The “beginning now” qualification is important, because a delay in pricing carbon at its social cost leads to a forecast for temperature change which is higher than 4 degrees. The model’s 2145 temperature forecast for a non-carbon priced economy is 5.5 degrees, on its way to 6 degrees and above by the year 2165, assuming that human life will be possible in such an environment. I say assuming, although the science summarized by Nathaniel Rich in his book Losing Earth suggests that even at 4 degrees, human existence will be in question.
Models are almost always imperfect representations of reality. It is possible that the DICE model seriously underestimates future damage from climate change. It is also possible that the DICE model underestimates the climate benefits from new technologies that will emerge from investment.
These two types of imperfections are incredibly important. Their presence offers reasons to be both fearful, because of potential catastrophic damage, and hopeful, because of the major benefits future technology might bring.

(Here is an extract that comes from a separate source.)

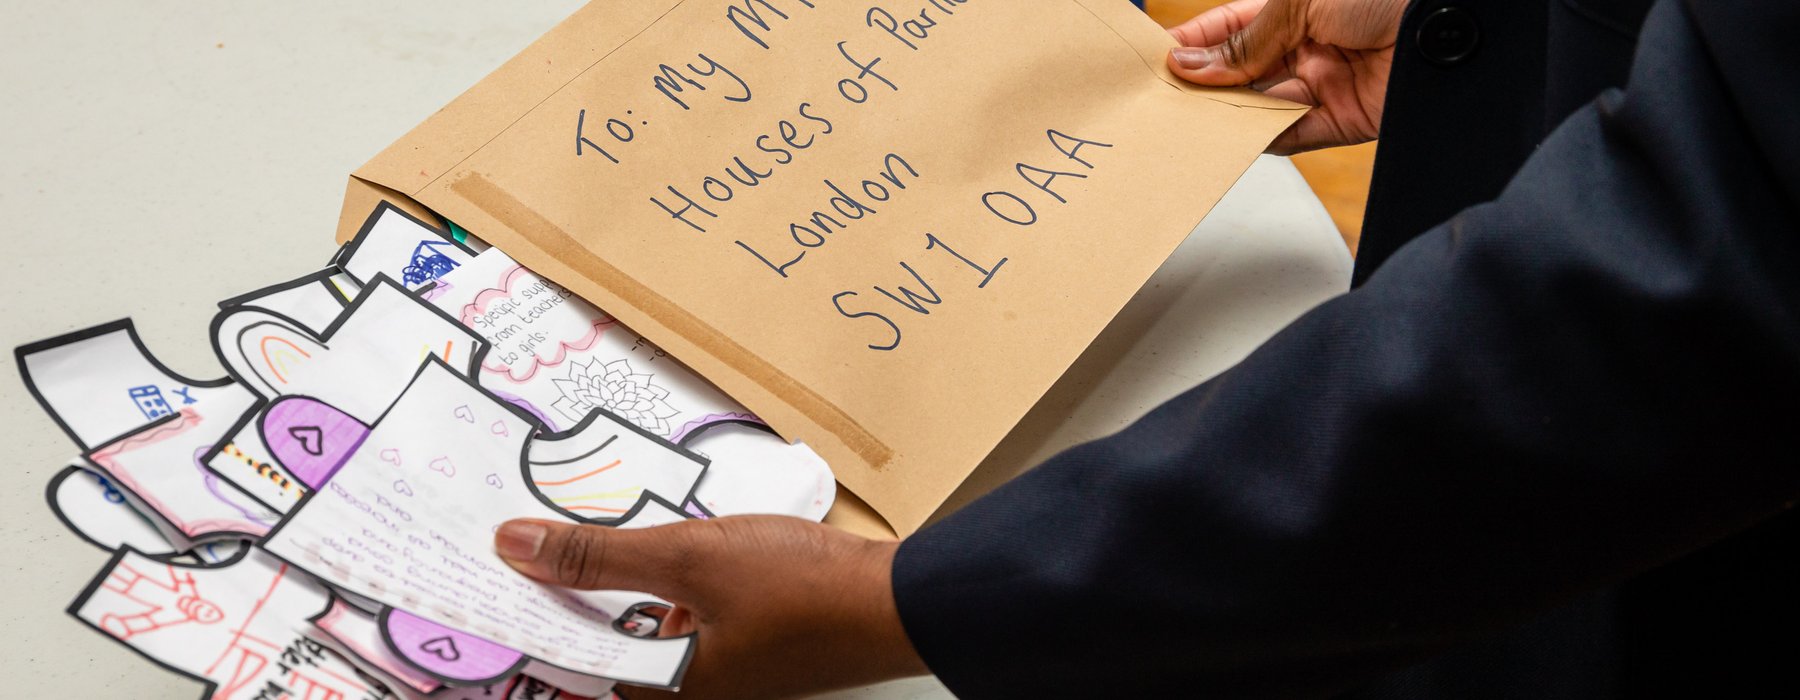 A brown envelope with: To: My Mp, Houses of Parliament, London, SW1 OAA is backed with drawings and writing on paper in the shape of giant puzzle pieces by a child.

In describing his general framework, Nordhaus speaks of two policies which work together, one for pricing carbon and one for supporting low carbon technologies. That said, there is good reason to believe that currently we are not doing enough when it comes both to pricing carbon sensibly and to investing appropriately in low carbon technologies.
Yes, there was progress in Glasgow on Article 6, on cooperation and coordination between China and the U.S., and on the backing of the financial sector for the Paris agreement. And yes, United Nations diplomats know that the rhetoric at most meetings far surpasses the accomplishments. Still, the agreement negotiated at COP26, while it points in the right direction, appears totally inadequate relative to the great challenge before us.
Perhaps the accurate characterization of what emerged from COP26 is blah, blah or to be more charitable, just blah.